■ WORK REQUEST ■
All lines from the one containing "Fizz Stroller, Humbug" down to the final line of the entries below: return them exactly.

■ THE DATA ■
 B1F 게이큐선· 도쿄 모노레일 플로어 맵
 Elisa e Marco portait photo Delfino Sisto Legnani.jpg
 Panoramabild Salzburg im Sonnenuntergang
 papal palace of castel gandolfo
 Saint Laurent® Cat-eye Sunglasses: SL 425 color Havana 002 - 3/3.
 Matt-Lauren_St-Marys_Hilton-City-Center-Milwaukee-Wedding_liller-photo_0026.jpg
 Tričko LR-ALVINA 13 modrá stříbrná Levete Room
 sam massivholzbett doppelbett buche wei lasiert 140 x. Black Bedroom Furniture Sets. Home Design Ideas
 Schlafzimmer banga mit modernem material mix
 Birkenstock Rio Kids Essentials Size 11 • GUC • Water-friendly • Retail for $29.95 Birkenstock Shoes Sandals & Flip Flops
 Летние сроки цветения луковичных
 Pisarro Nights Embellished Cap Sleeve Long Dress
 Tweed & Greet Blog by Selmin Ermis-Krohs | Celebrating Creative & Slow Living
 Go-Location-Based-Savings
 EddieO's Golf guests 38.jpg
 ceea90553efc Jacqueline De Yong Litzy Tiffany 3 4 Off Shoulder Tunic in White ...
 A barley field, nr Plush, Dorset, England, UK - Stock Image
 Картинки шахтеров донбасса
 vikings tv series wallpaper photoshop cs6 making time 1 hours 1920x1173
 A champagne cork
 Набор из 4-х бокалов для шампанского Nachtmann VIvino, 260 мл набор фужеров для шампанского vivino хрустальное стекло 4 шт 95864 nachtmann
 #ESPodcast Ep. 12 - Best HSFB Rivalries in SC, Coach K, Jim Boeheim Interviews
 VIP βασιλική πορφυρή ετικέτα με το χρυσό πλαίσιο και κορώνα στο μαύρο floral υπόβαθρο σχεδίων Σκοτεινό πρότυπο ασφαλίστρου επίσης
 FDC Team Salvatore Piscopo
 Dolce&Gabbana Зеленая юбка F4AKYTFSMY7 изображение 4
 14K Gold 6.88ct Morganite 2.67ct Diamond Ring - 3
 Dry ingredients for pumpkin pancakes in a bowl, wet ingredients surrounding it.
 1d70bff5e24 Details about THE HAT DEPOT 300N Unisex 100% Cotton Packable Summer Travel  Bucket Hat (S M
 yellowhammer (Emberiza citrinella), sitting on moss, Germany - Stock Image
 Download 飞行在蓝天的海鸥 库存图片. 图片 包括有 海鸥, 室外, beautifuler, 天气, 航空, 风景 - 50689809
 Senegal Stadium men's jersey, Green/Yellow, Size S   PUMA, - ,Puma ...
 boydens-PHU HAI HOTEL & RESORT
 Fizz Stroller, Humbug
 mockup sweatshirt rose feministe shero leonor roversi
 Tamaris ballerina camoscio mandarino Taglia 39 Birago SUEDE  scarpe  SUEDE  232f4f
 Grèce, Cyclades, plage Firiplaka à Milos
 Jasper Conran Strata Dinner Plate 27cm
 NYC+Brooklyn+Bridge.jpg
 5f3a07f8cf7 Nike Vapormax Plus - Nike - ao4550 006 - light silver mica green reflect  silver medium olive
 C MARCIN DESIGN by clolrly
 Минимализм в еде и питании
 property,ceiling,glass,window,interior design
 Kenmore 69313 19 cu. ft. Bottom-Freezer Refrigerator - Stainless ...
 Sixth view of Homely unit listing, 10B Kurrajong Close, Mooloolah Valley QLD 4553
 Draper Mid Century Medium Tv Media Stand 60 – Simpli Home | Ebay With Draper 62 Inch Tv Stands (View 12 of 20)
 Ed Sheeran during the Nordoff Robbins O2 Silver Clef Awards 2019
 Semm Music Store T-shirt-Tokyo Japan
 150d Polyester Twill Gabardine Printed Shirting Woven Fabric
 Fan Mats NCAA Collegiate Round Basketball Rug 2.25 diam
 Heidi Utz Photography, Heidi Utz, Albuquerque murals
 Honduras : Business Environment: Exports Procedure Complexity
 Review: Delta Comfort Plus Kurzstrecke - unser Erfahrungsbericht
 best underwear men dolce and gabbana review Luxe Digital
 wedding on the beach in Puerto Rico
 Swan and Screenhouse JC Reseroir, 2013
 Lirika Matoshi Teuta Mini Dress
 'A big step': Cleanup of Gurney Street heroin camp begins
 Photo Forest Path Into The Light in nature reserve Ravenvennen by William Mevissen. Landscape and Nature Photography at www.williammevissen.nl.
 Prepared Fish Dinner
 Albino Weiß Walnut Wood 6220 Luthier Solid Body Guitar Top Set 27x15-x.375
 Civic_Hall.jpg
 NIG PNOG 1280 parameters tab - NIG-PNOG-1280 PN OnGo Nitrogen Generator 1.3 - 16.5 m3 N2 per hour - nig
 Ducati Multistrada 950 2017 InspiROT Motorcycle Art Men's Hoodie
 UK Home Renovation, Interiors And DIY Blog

■ EXERCISE OUTPUT ■
 Fizz Stroller, Humbug
 mockup sweatshirt rose feministe shero leonor roversi
 Tamaris ballerina camoscio mandarino Taglia 39 Birago SUEDE  scarpe  SUEDE  232f4f
 Grèce, Cyclades, plage Firiplaka à Milos
 Jasper Conran Strata Dinner Plate 27cm
 NYC+Brooklyn+Bridge.jpg
 5f3a07f8cf7 Nike Vapormax Plus - Nike - ao4550 006 - light silver mica green reflect  silver medium olive
 C MARCIN DESIGN by clolrly
 Минимализм в еде и питании
 property,ceiling,glass,window,interior design
 Kenmore 69313 19 cu. ft. Bottom-Freezer Refrigerator - Stainless ...
 Sixth view of Homely unit listing, 10B Kurrajong Close, Mooloolah Valley QLD 4553
 Draper Mid Century Medium Tv Media Stand 60 – Simpli Home | Ebay With Draper 62 Inch Tv Stands (View 12 of 20)
 Ed Sheeran during the Nordoff Robbins O2 Silver Clef Awards 2019
 Semm Music Store T-shirt-Tokyo Japan
 150d Polyester Twill Gabardine Printed Shirting Woven Fabric
 Fan Mats NCAA Collegiate Round Basketball Rug 2.25 diam
 Heidi Utz Photography, Heidi Utz, Albuquerque murals
 Honduras : Business Environment: Exports Procedure Complexity
 Review: Delta Comfort Plus Kurzstrecke - unser Erfahrungsbericht
 best underwear men dolce and gabbana review Luxe Digital
 wedding on the beach in Puerto Rico
 Swan and Screenhouse JC Reseroir, 2013
 Lirika Matoshi Teuta Mini Dress
 'A big step': Cleanup of Gurney Street heroin camp begins
 Photo Forest Path Into The Light in nature reserve Ravenvennen by William Mevissen. Landscape and Nature Photography at www.williammevissen.nl.
 Prepared Fish Dinner
 Albino Weiß Walnut Wood 6220 Luthier Solid Body Guitar Top Set 27x15-x.375
 Civic_Hall.jpg
 NIG PNOG 1280 parameters tab - NIG-PNOG-1280 PN OnGo Nitrogen Generator 1.3 - 16.5 m3 N2 per hour - nig
 Ducati Multistrada 950 2017 InspiROT Motorcycle Art Men's Hoodie
 UK Home Renovation, Interiors And DIY Blog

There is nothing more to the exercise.